Rabble.ca is celebrating Earth week by encouraging readers to go vegan for a week. Barbara Gowdy, who has been vegetarian for 30 years and vegan for 10, has produced public service announcements in support of the cause.

  • Paul

    While Gowdy has a point that many animals are treated inhumanely in the food industry – a practice that needs to end – I would suggest to her that she, and (as she puts it) people who “live in their imagination”, should try to imagine what would become of domesticated animals (including those farmed humanely) if everyone rejected milk, eggs, meat, and all animal-derived products.

    The answer is that they would most likely go extinct. We’ve altered them for thousands of years, and they are now virtually symbiotic with us (try leaving a dairy cow for a day without milking her, for example, and see how distressed she is). No-one is going to look after millions of fowl, and cattle, and pigs if they are not being kept for food, and the habitat that has been replaced by cities, farms, and suburbs, is not going to be turned back into natural habitat in any case.

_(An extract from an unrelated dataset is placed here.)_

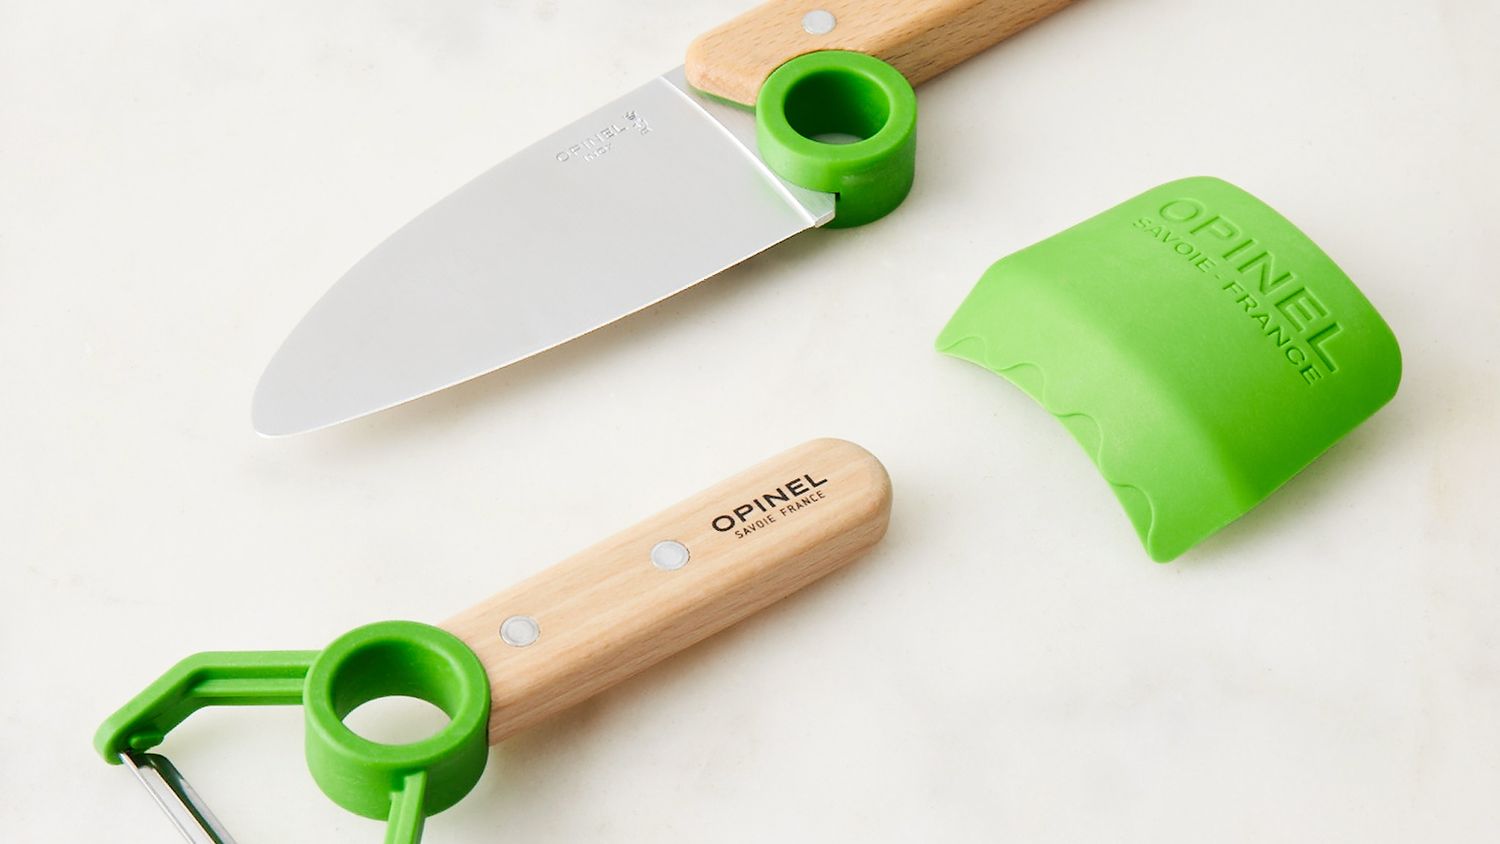 Opinel Le Petit Chef Kids' Knife Set & Apron
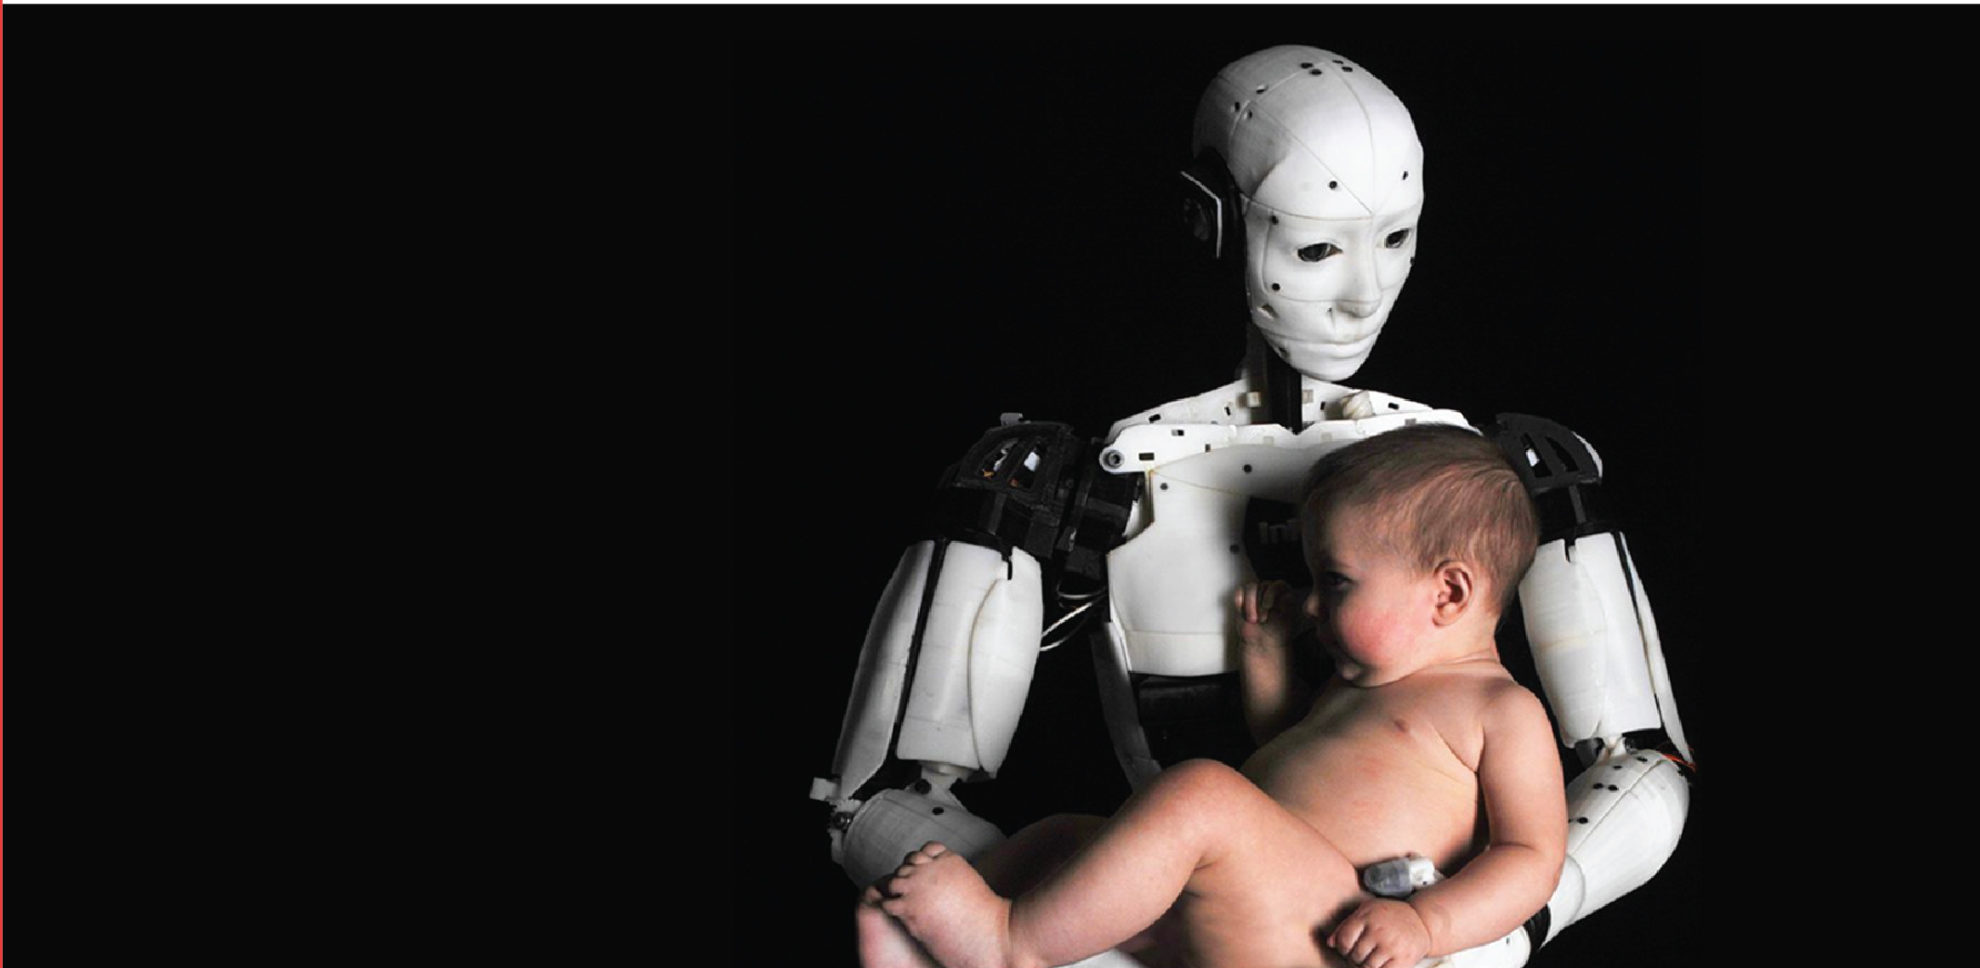 Digital Deep Dives Nº3 - Artificial Marketing: The Robot Lov

    Animals in nature usually die horribly, from starvation, predation, accident, or disease. Humane farming, by contrast, is rather more pleasant than what many animals in nature experience. She should know that there are lots of farmers who will run into a burning barn, not because they want to save their investment (which is usually insured), but because they care for and want to save animals – animals that are being raised for food.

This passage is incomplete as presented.